Raising Tomorrow's Leaders Today
The world is focused on leadership right now. Tough times are ahead for our nation and for the world. We’d better get serious about preparing our children for leadership. Some little eight-year-old running around the playground right now could control three-fourths of the world’s armaments in the future. What are the characteristics of great leaders? If we can figure that out, there is hope for us to instill those character traits in our children.
Great leaders use group consensus in data gathering but not in decision making. Leaders, by definition, aren’t in the group. They are either in at the edge of the group or flat out outside it. By definition, they encourage others to their point of view, pick the direction and lead toward a goal.
By definition, you cannot lead by being inside the herd and part of the “group- think.” Thus, leadership is often lonely. Only a real leader will have true legions of critics. In retrospect, as we celebrate the great leaders of the past, it is easy to forget that in their day, Washington, Lincoln, Churchill and Martin Luther King were all excoriated by large segments of the public. I believe it was Lincoln that said, “Leadership is known by the enemies it makes.” Leadership is the opposite of bowing to peer pressure. Churchill stood lonely and alone standing up to Hitler when the entire rest of the world attempted appeasement.

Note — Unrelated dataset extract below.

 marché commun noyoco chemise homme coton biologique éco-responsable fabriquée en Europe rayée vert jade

That being said, how do we encourage leadership in our children?
Reward Leadership Traits:
1. Encourage your child’s standing up to you by respectfully giving good counter-proposals and thoughtful disagreements. I’m not talking rebellious disrespect, I’m talking about parents who encourage their child to express different ideas and different beliefs and parents who listen respectfully, while not necessarily agreeing with their child.
2. Let your children know how proud you are of them when they don’t simply give in to group pressure around clothes, music, and choice of friends. The movie, A Walk to Remember, should be watched together by every parent and teen. I’ve seen many a kid stand a bit straighter when parents have been taught to say, “Yeah, John, it looks like you are pretty alone on this idea. Perhaps it’s preparation for leadership one day.”

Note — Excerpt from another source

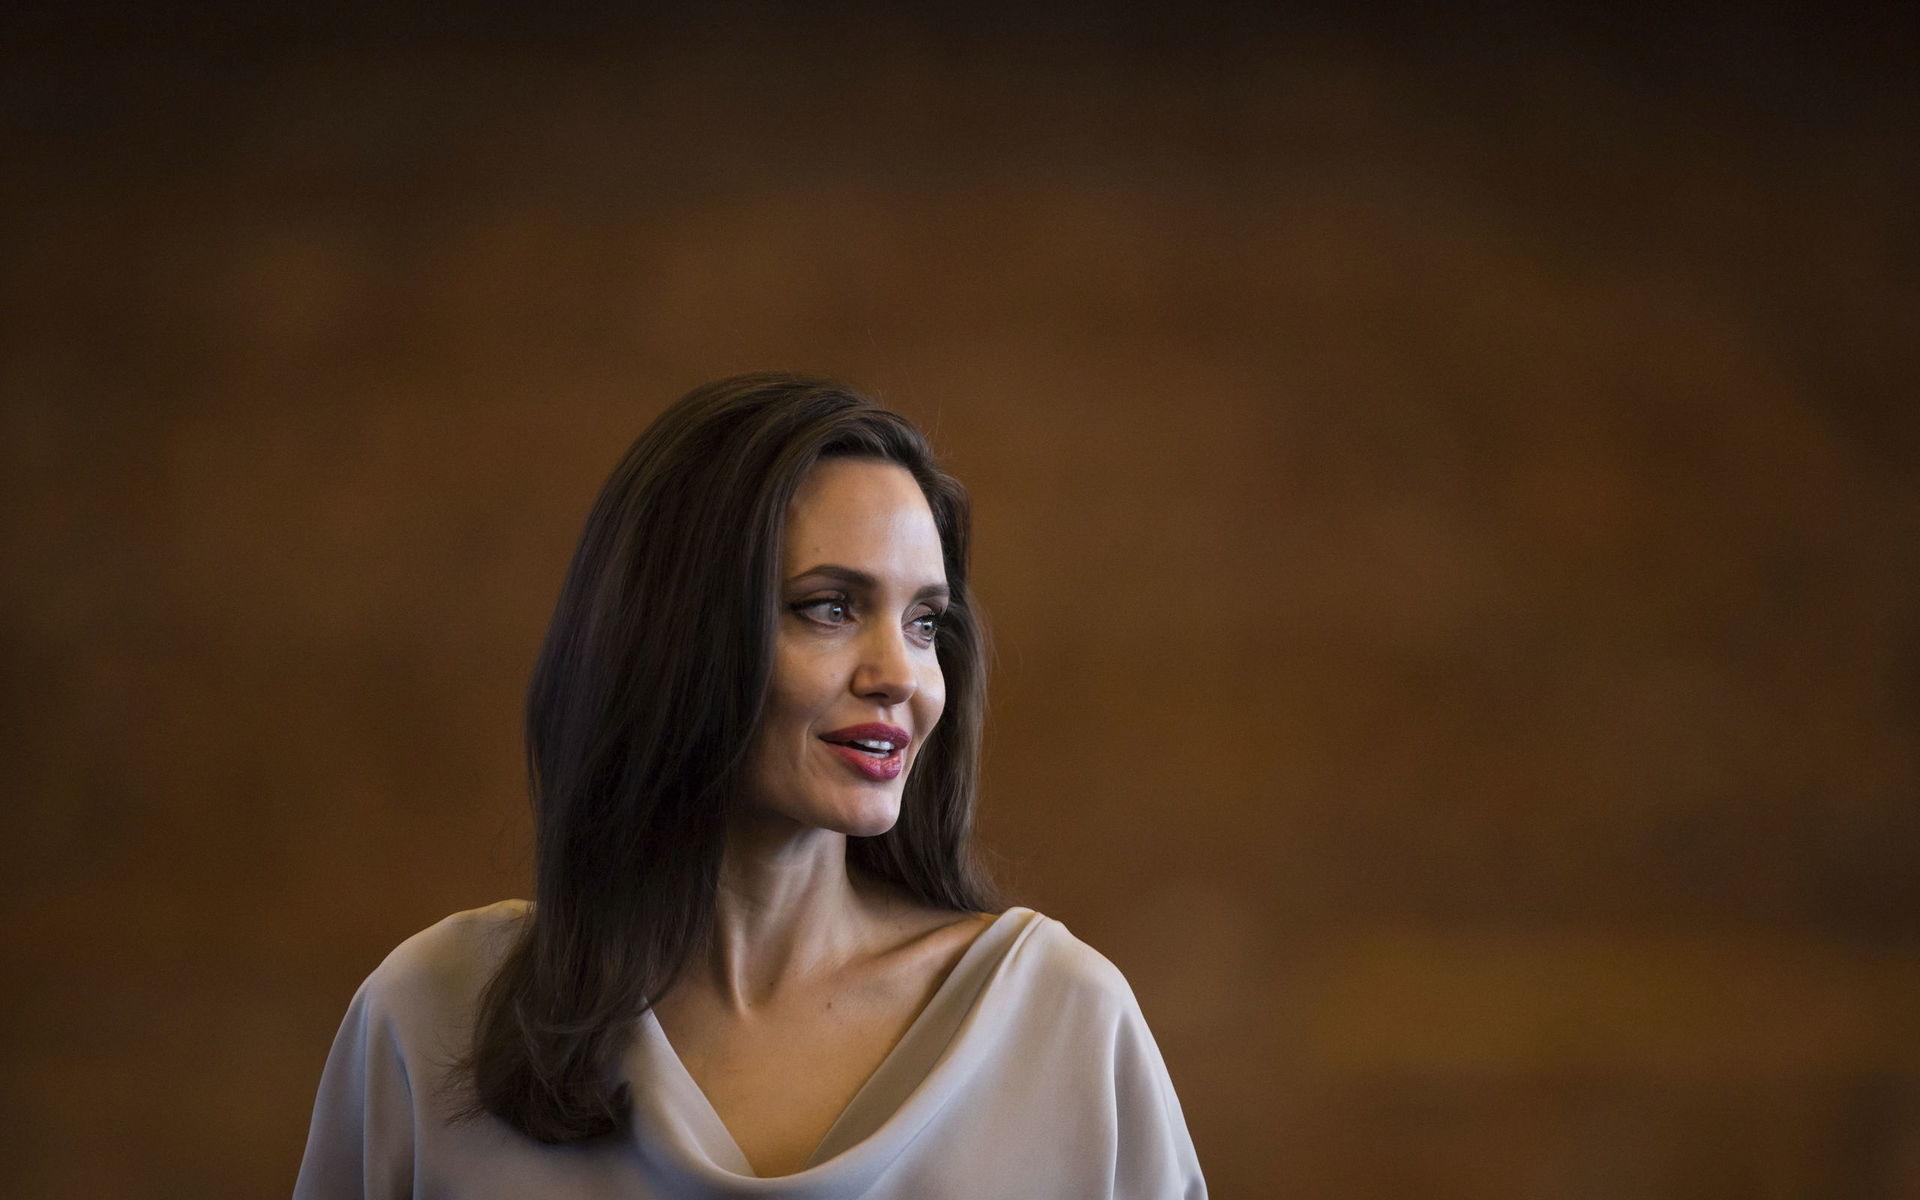 Att Angelina Jolie berättade om sin cancer fick Margareta Svensson Riggs att undersöka sig och då upptäcktes både mutationen BRCA, som ger ökad cancerrisk, och senare att hon hade bröstcancer.

3. Encourage respectful competition in the area of your children’s strengths. Be it sports or chess, it’s great if your child wants to be the best. Don’t stifle it, encourage it!

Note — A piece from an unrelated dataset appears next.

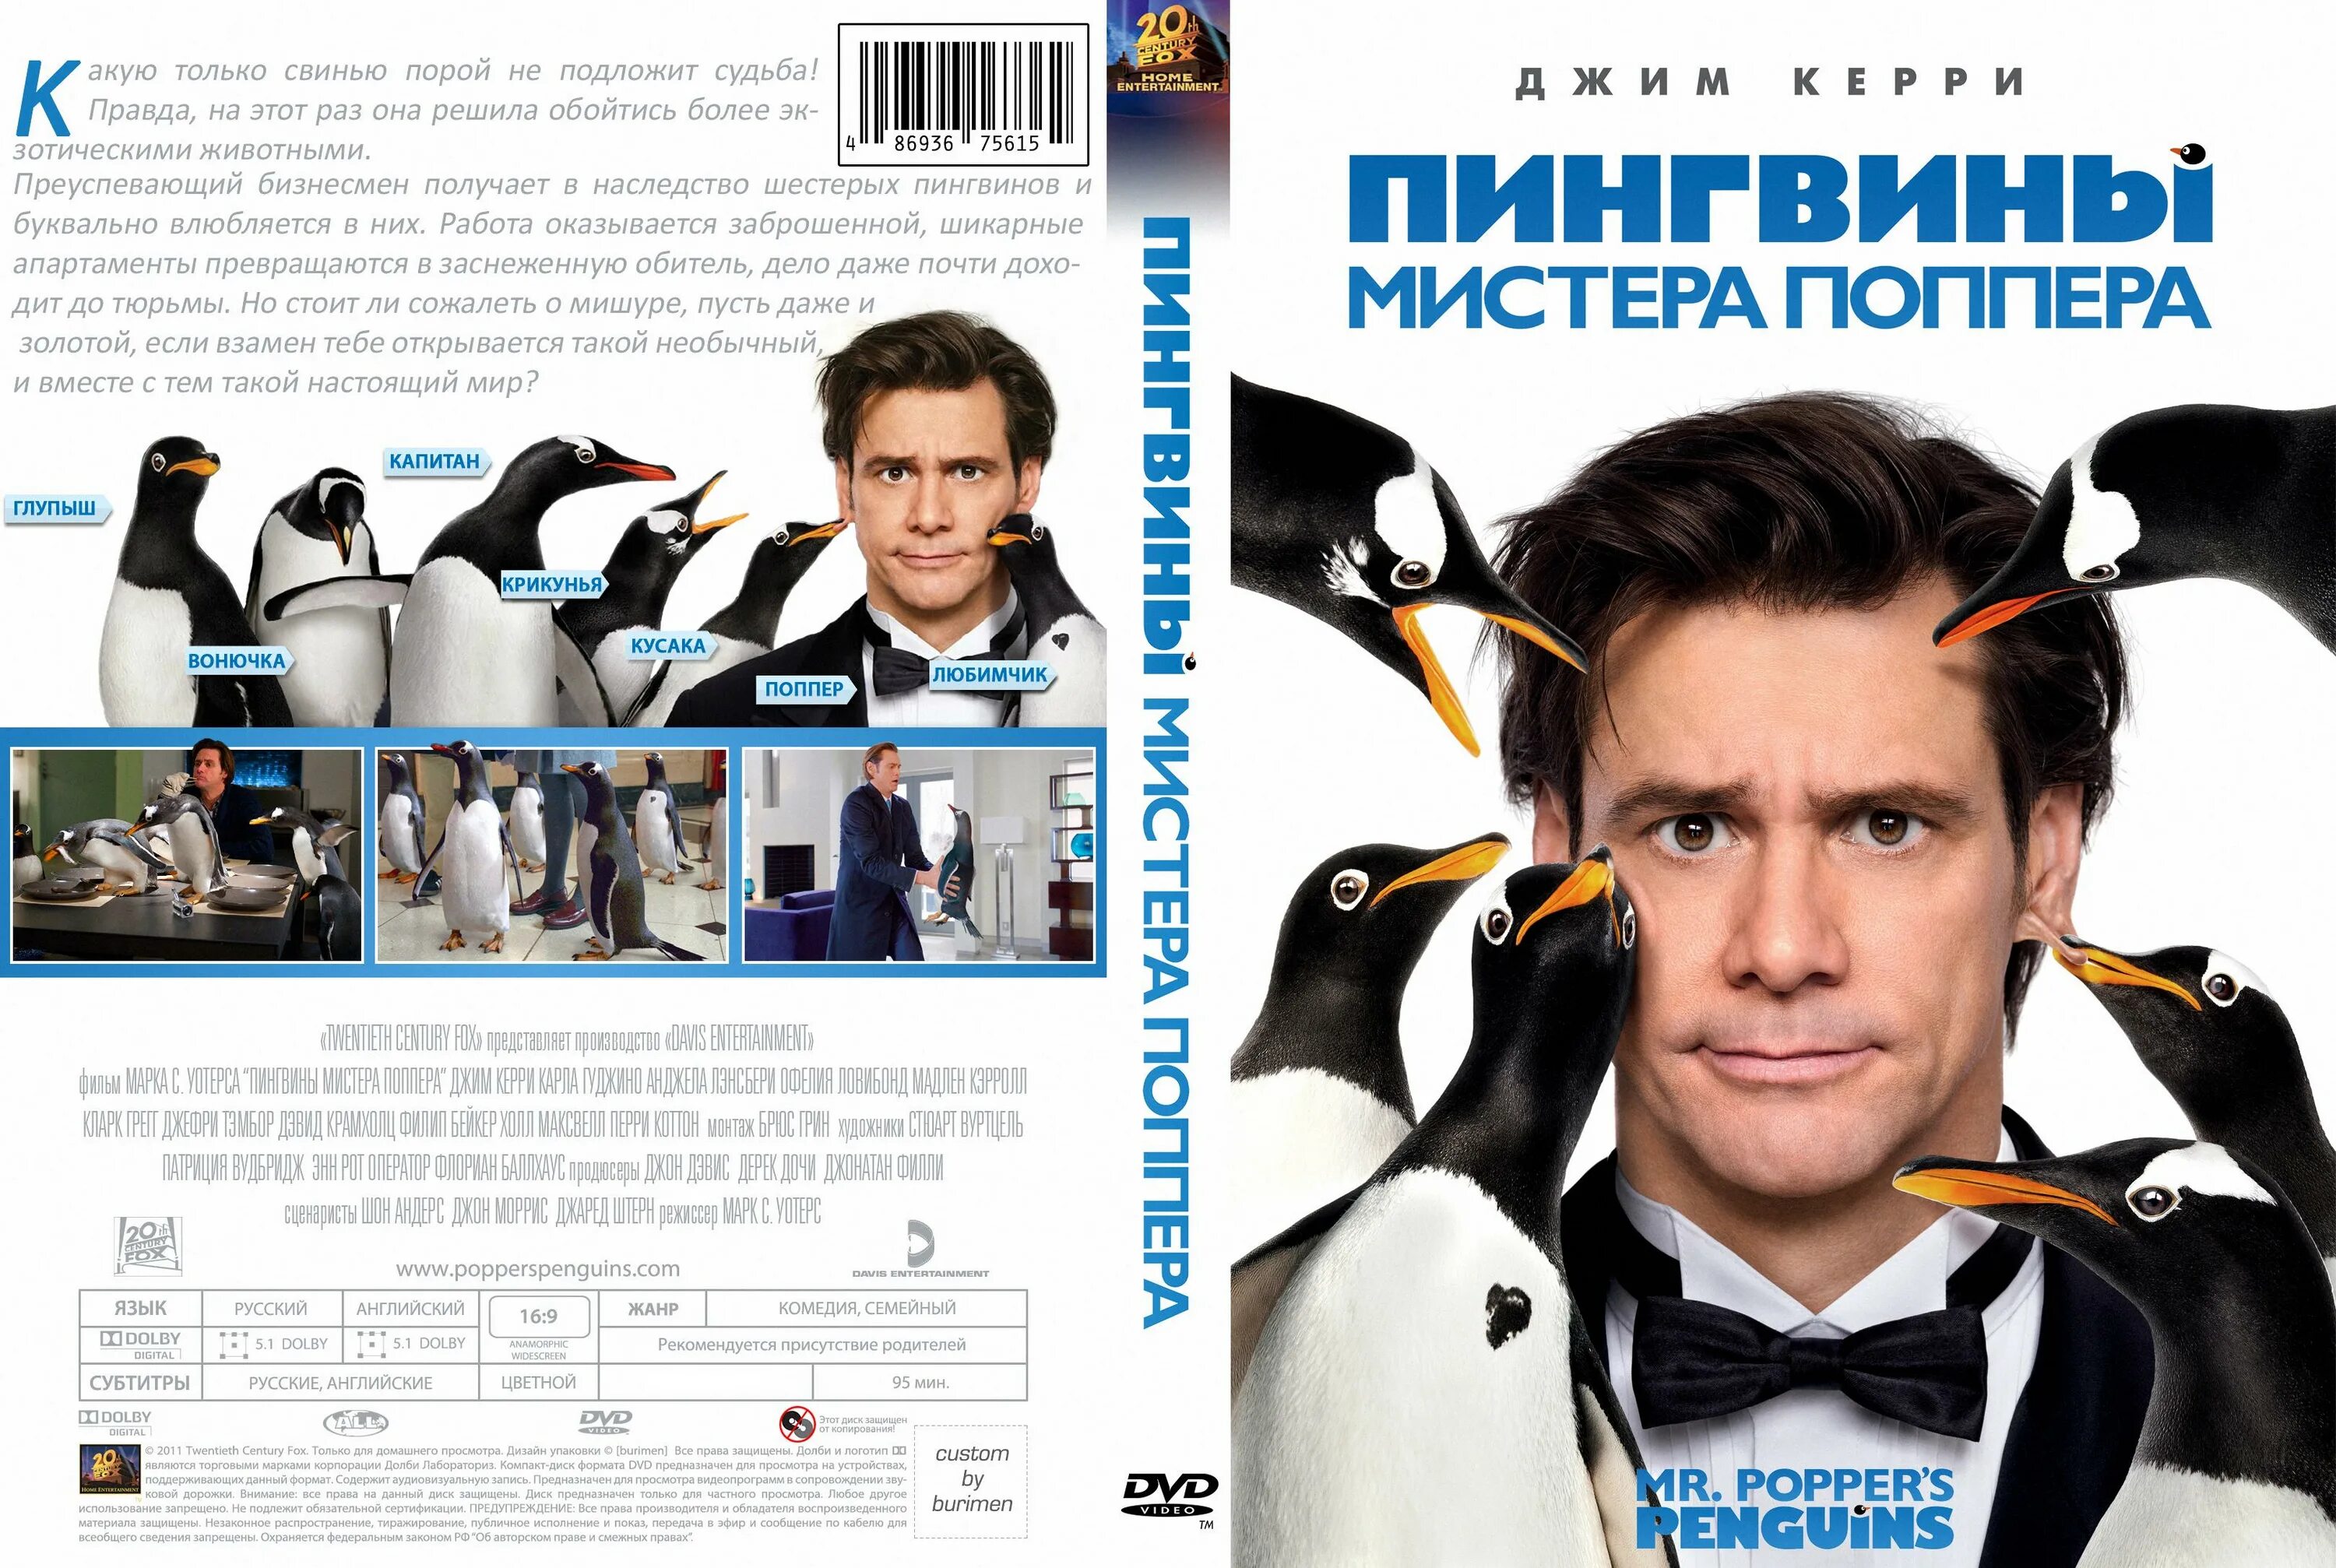 Джим Керри пингвины. Джим Керри пингвины мистера Поппера. Комедия про пингвинов с Джимом Керри.

4. Great leaders have internal compasses. Encourage your child to self- evaluate, rather than rely on your praise. It’s okay to say “good job, son” but it may be more effective to say, “How do you think you did?”; “How did you figure that one out?”; “How do you feel about yourself now?”; “Would you do it any different next time?”
This possibility of leadership is cooked into kids by parental expectations. Often leadership runs in families. It’s probably not necessarily genetics, but more in the atmosphere of expectation present in the homes that turn out greatness. Unspoken perhaps, but nevertheless expressed: “You may be born to do great things.” It’s a great dad that says to his teen, “John, that language may work for the group you are with now, but someday, when you are a leader, you’ll have to talk differently. Mom and I would certainly appreciate a little early practice!”
Of course, the hard part for all of us is modeling. We better make darn sure we don’t drive one car or another because it is the popular thing to do, live in one home or another because everyone wants to live there, or hold opinions because they are popular. Good luck!